Figure 1: The test application running.
The three approaches to parsing out the sentences from the body of text include:
- Parse Reasonable: An approach based on splitting the text using typical sentence terminations where the sentence termination is retained.
- Parse Best: An approach based on the use of splitting the text based upon the use of a regular expression and where the sentence termination is retained, and
- Parse Without Endings: An approach to splitting the text using typically sentence terminations where the terminations are not retained as part of the sentence.
The demonstration application contains some default text in a textbox
control; three buttons used to parse the text using one of the three approaches mentioned, and three label controls used to display the summary statistics generated on the body of text. Once the application is run, clicking on any of the three buttons will result in the display of each of the parsed sentences within the listbox
control at the bottom of the form, and will result in the display of the summary statistics using the three labels in the upper right hand side of the form.
Getting Started
In order to get started, unzip the included project and open the solution in the Visual Studio 2008 environment. In the solution explorer, you should note these files (Figure 2):
Figure 2: Solution Explorer.
As you can see from Figure 2, there is a single WinForms project containing a single form. All code required of this application is included in this form’s code.
The Main Form (Form1.vb)
The main form of the application, Form1
, contains all of the code necessary. The form contains default text within a textbox
control; the three buttons are used to execute each of the three functions used to parse the body of text into a collection of strings; one per sentence. You may replace, remove, or add to the text contained in the textbox
control to run the methods against your own text. Three label controls are used to display summary statistics (sentence, word, and character counts) on the text contained in the textbox
control. These summary statistics are updated each time the text is parsed into sentences.

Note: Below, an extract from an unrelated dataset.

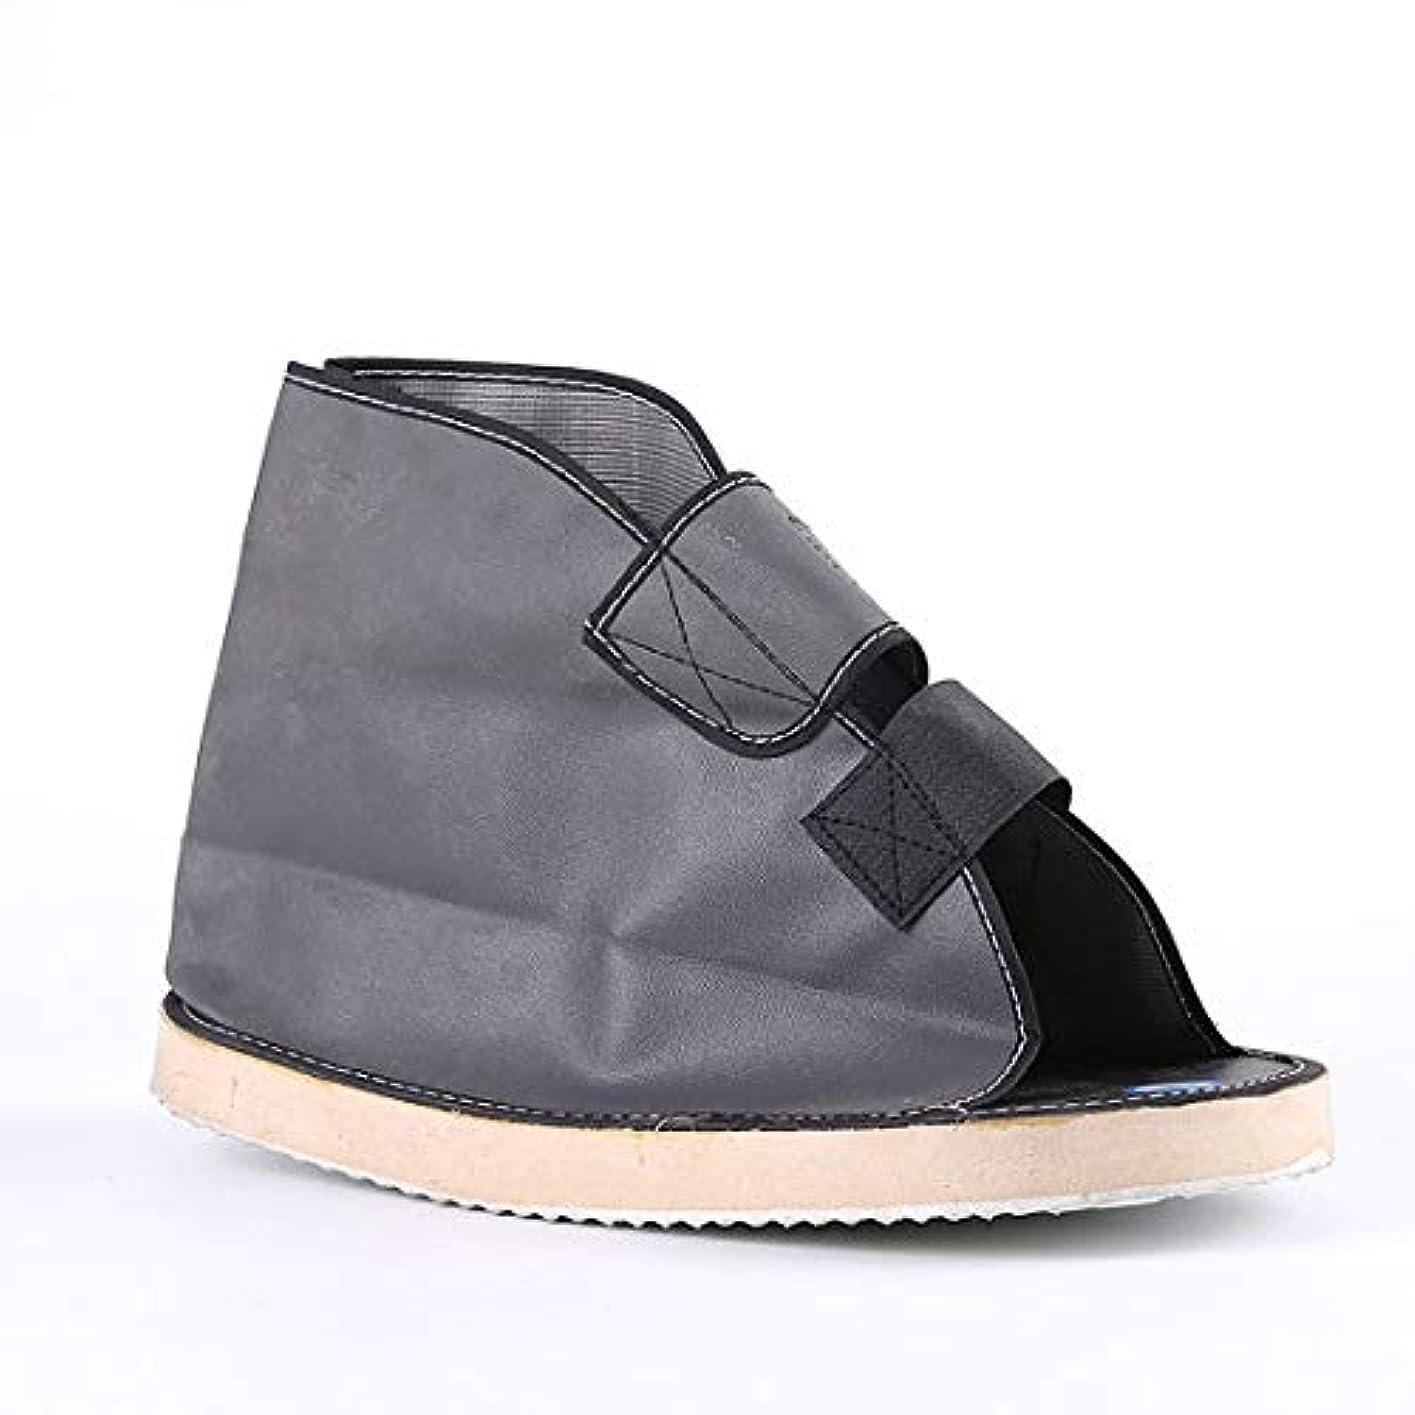 断言する逆さまに対人医療足骨折石膏の回復靴の手術後のつま先の靴を安定化骨折の靴を調整可能なファスナーで完全なカバー,L28.5*13cm

If you'd care to open the code view up in the IDE, you will see that the code file begins with the following library imports
:
Imports System
Imports System.Collections
Imports System.ComponentModel
Imports System.Data
Imports System.Drawing
Imports System.Text
Imports System.Windows.Forms
Imports System.Text.RegularExpressions
Note that the defaults have been altered and now include the reference to the regular expressions library.
Following the imports
, the class and constructor are defined:
Public Class Form1
Public Sub New()
InitializeComponent()
End Sub
Next up is a region entitled, “Best Sentence Parser”; this region contains a function entitled SplitSentences
which accepts a string
as an argument. This method tends to yield the best results in terms of parsing sentences but may issue inaccurate values if the text contains errors. The region also contains a button click event handler used to evoke the SplitSentences
function.
The code is annotated and reading through the notes will explain what is going on within the function.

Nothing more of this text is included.